Air station's Starbase program spared budget ax -- for now

Staff reportsMarch 25, 2013 

A program for Beaufort County fifth-graders has been taken off the federal chopping block -- at least for now.

The U.S. Senate voted last week to discard a proposal that would have cut the Pentagon's Starbase program, which includes a program at Marine Corps Air Station Beaufort.

Starbase provides laboratory lessons and projects in science, technology, engineering and math to elementary school students at 76 military bases.

The Senate excluded an amendment filed by Sen. John McCain, R-Ariz., that would have ended funding for the program. The amendment was among more than 100 offered to a resolution extending federal government funding through Sept. 30. Current funding expires Wednesday.

McCain, in a floor speech, called Starbase a "nice-to-have but not-necessary-to-have program."

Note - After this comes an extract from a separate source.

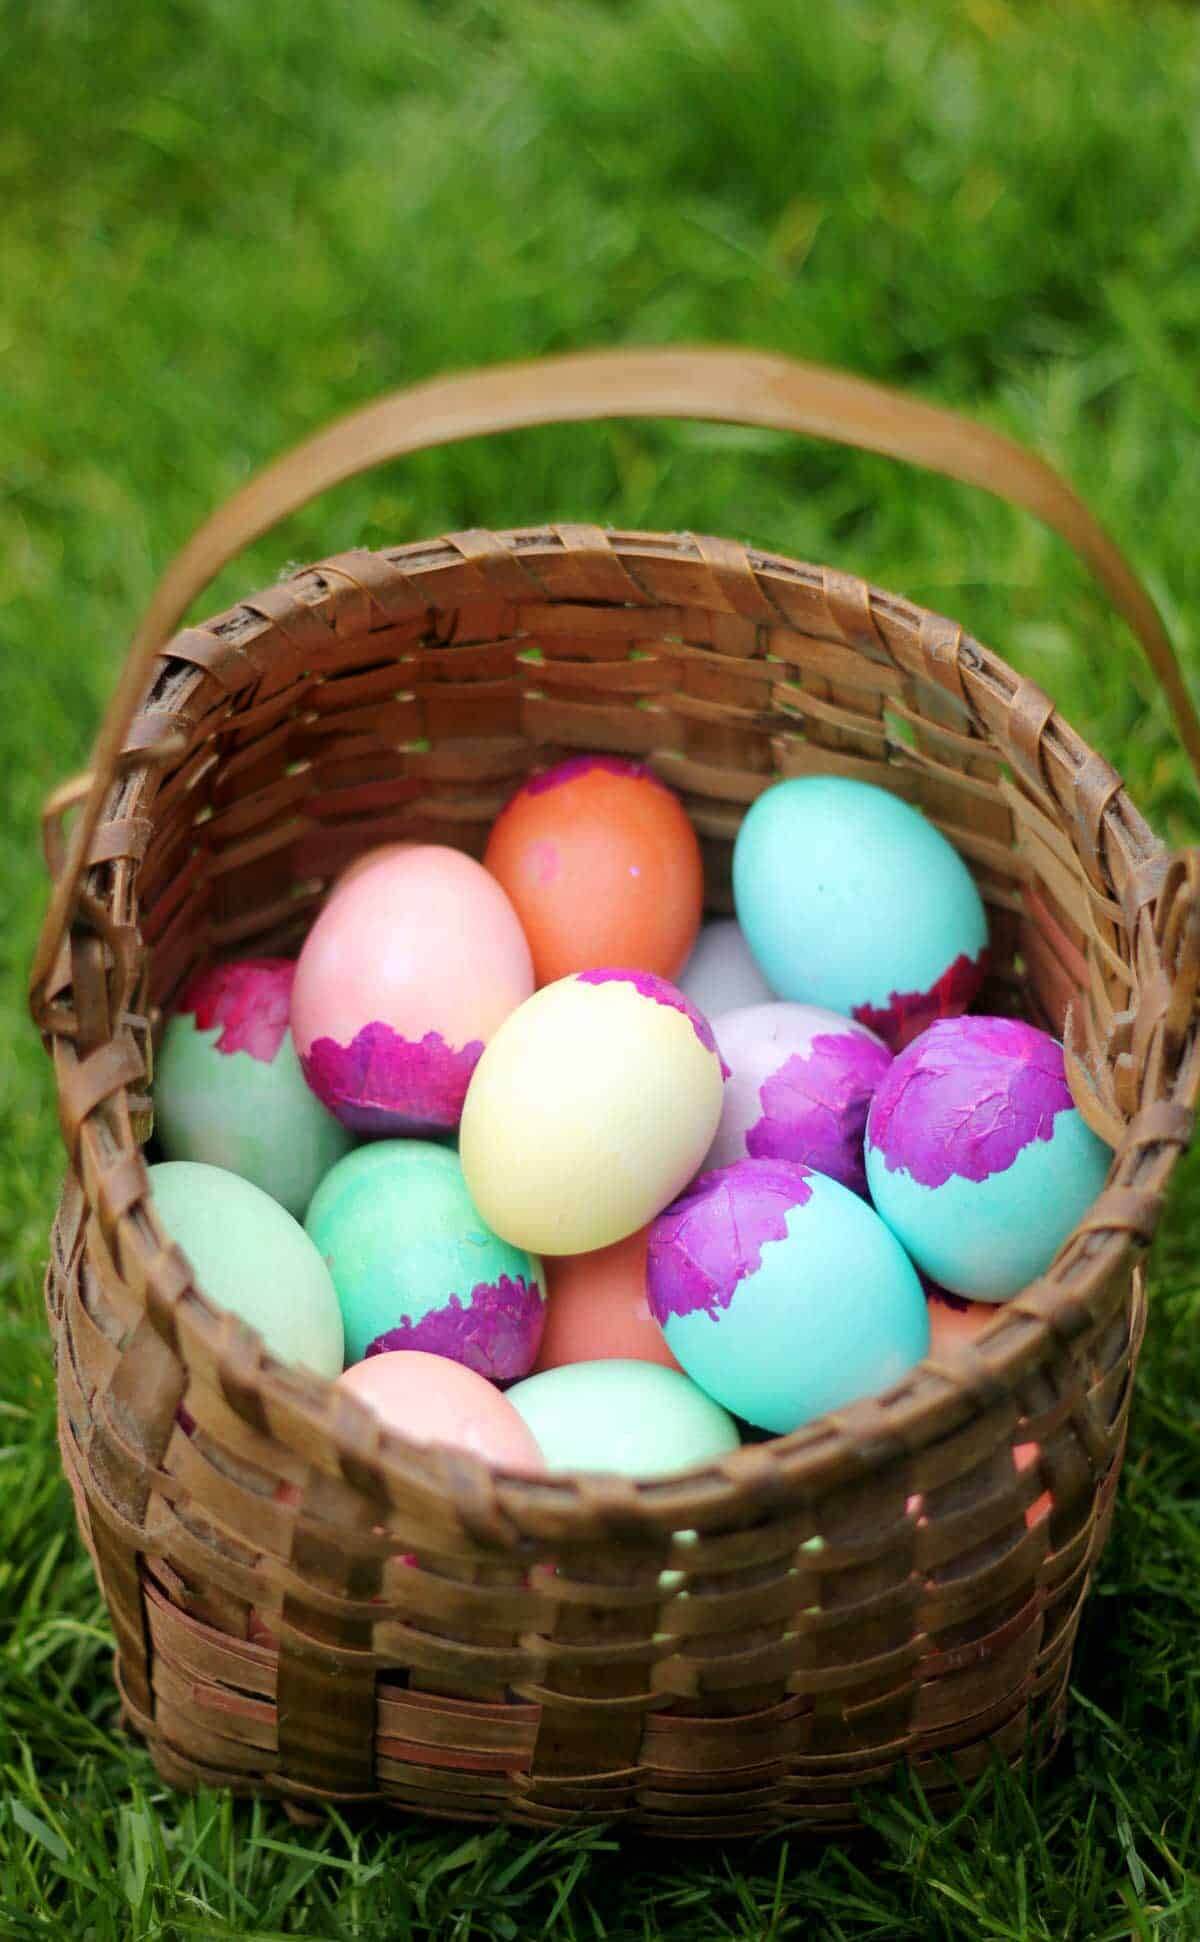 Cascarones confetti eggs in basket

The program has taught science, technology, engineering and math to nearly 13,000 Beaufort County fifth-graders during the past 13 years, according to retired Marine Col. Bob Semmler, director of the Starbase program at the air station. All fifth-graders in northern Beaufort County schools and some from southern Beaufort County attend the program.

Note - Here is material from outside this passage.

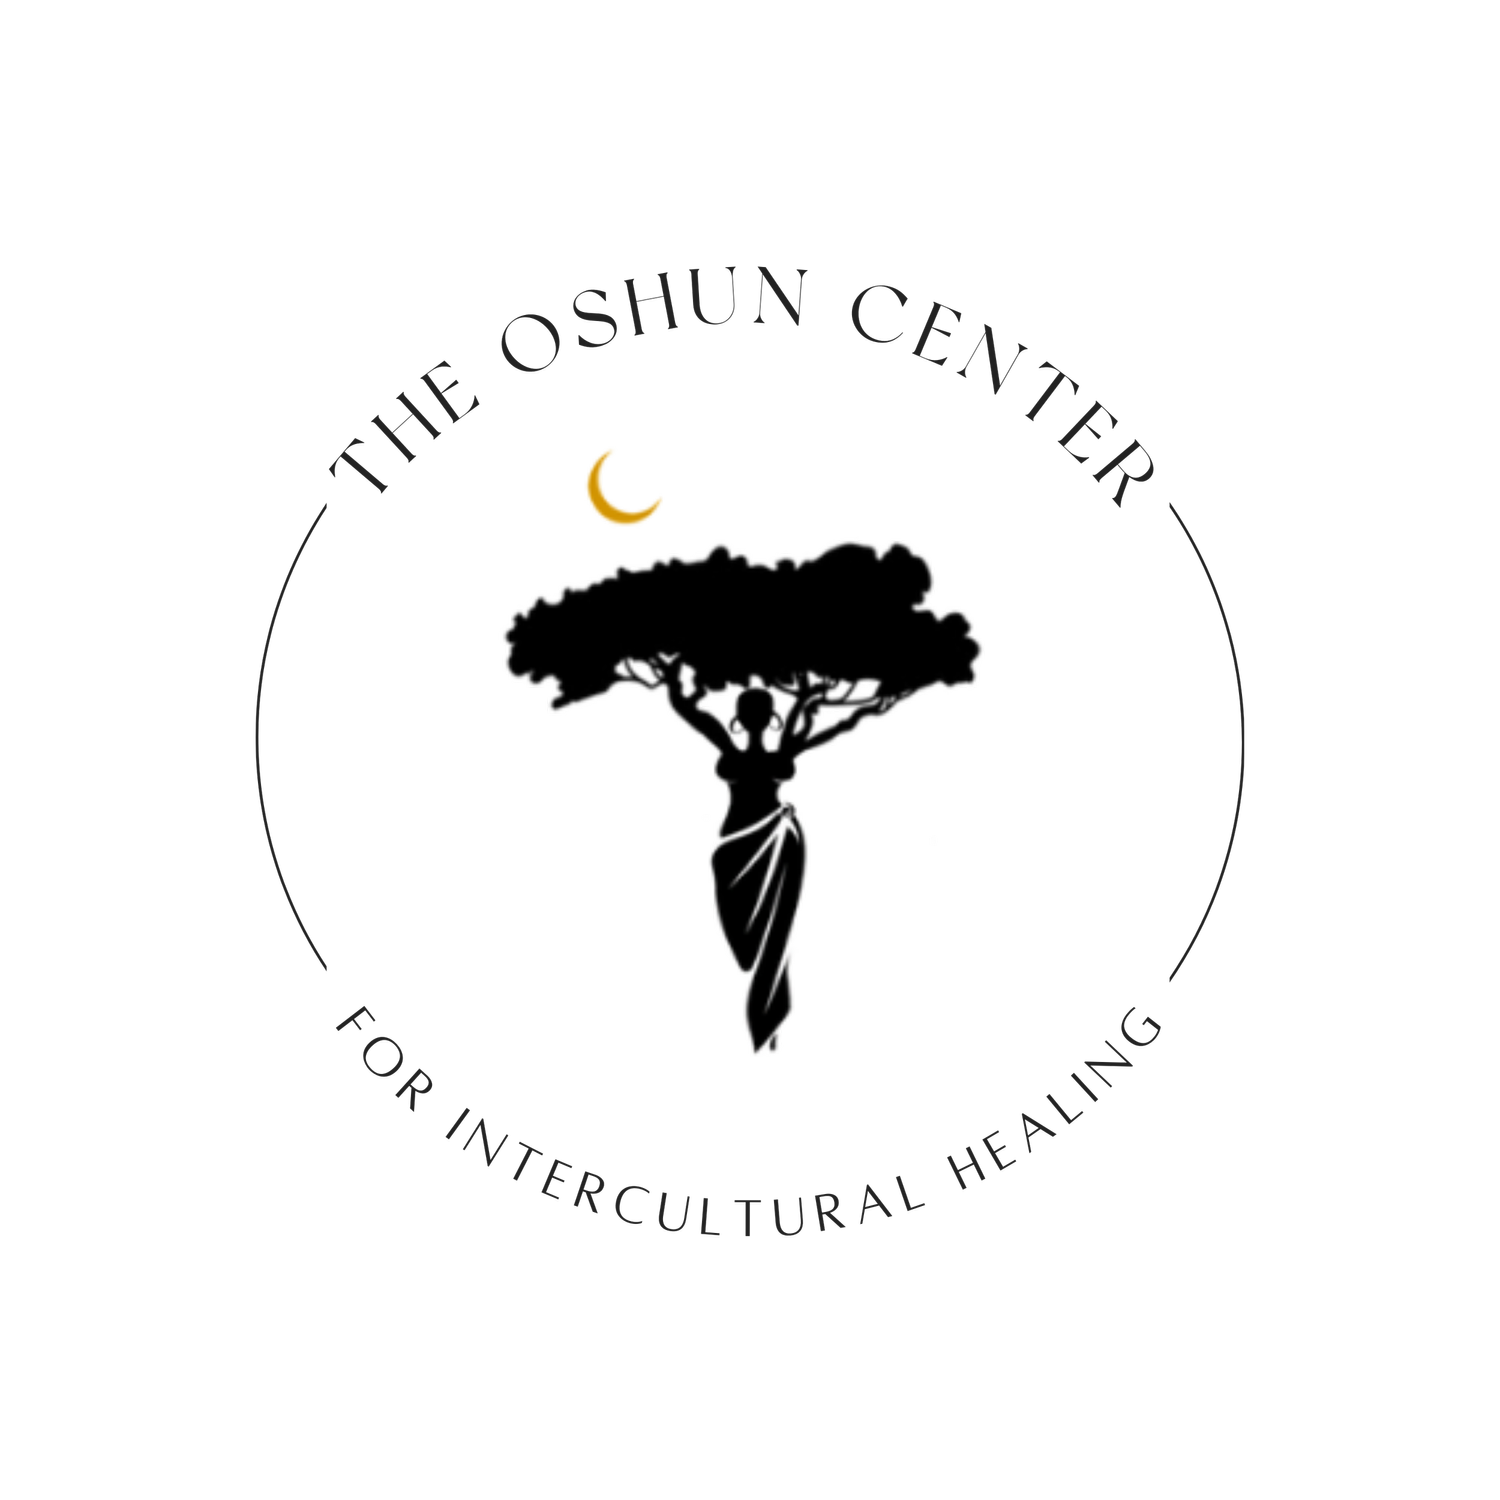 The Oshun Center for Intercultural Healing

"Many of these students have moved on to study STEM programs in college or have enlisted in the military," Semmler said, adding it has been one of the most successful outreach programs for the Marine Corps in Beaufort.

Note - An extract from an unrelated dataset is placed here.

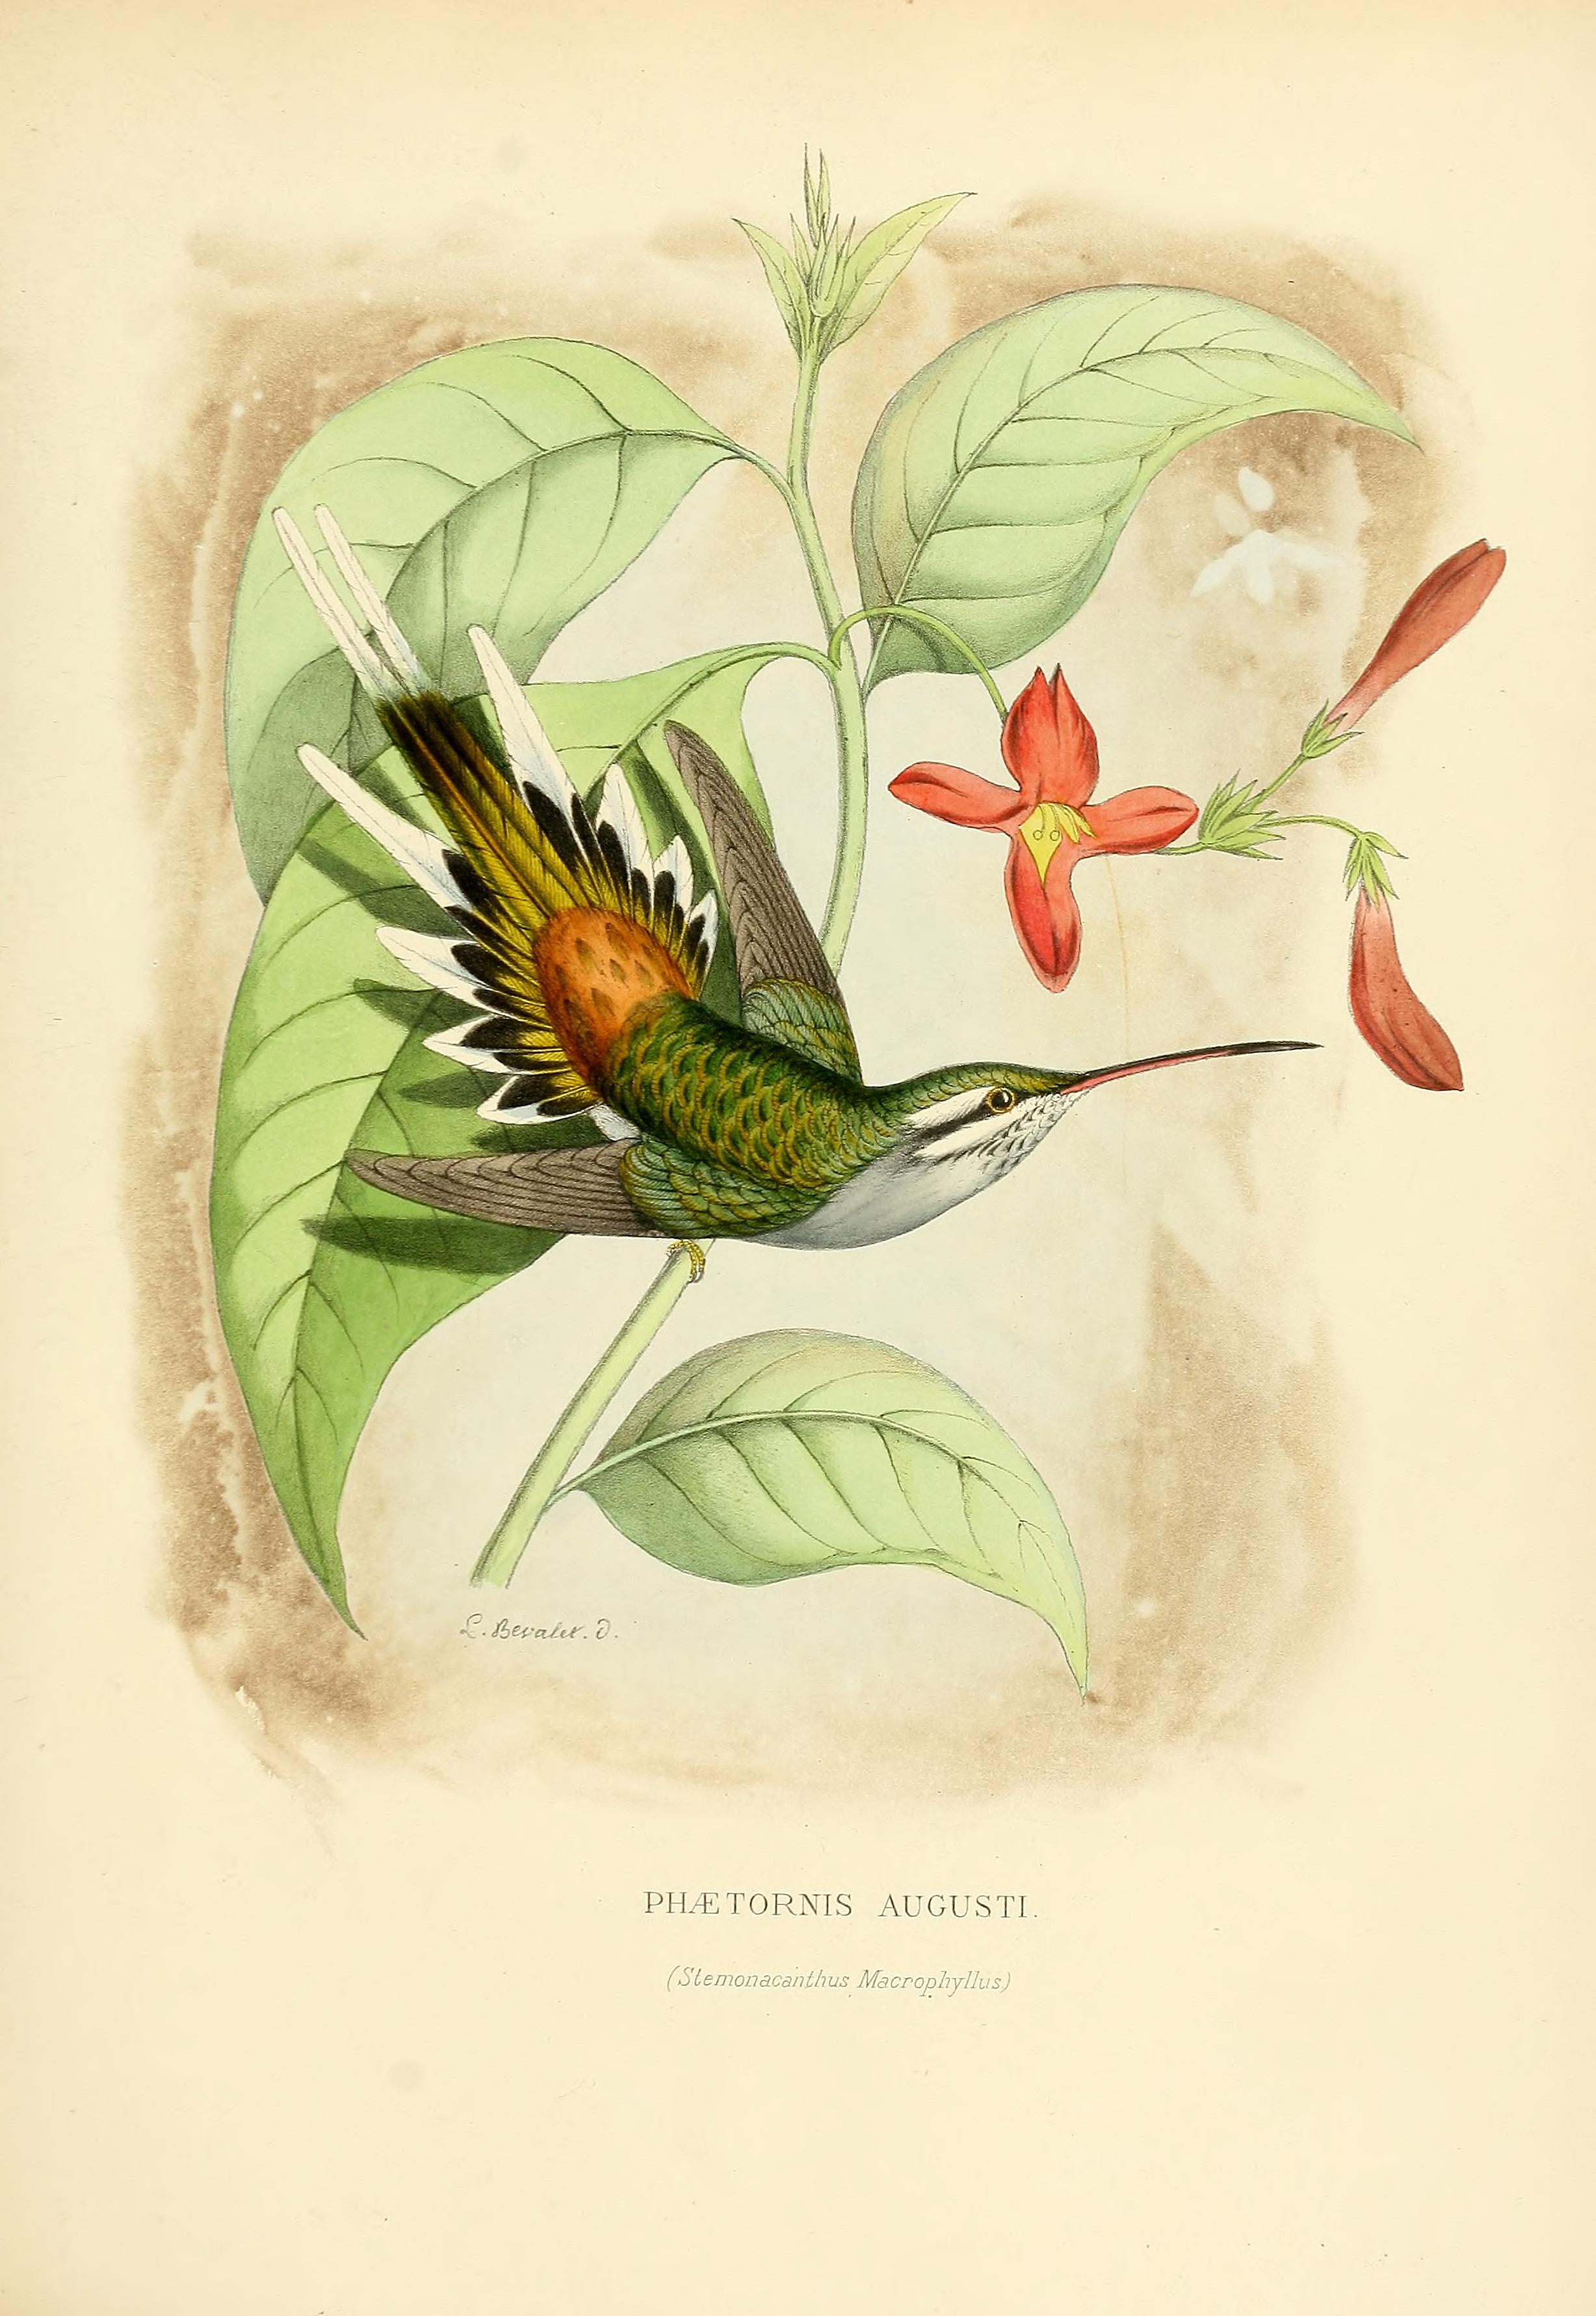 Phaethornis augusti, (Bourcier, 1847) - Ermite d'Auguste | Sandre

"It was a close call," he said. "The doors could have closed. It's a valuable program, and I think people saw that."

But the program isn't out of the woods.

The Office of Management and Budget has proposed consolidating all federally funded STEM programs under the U.S. Department of Education.

The Department of Defense "has been directed to zero out the funding for Starbase in the fiscal year 2014 budget and into the future," Semmler said.

Beaufort County School District chief instructional officer Dereck Rhoads said Starbase has been a great help in pushing the district's focus on STEM curriculum.

"It has been a great opportunity for the district to take advantage of that base and local resources with the Marine Corps in our backyard to expose students to math, science and engineering concepts as it applies to aviation, as well as learn about the military," Rhoads said. "It's a good program many of our schools have taken advantage of for many years. ... It's a great benefit for our kids."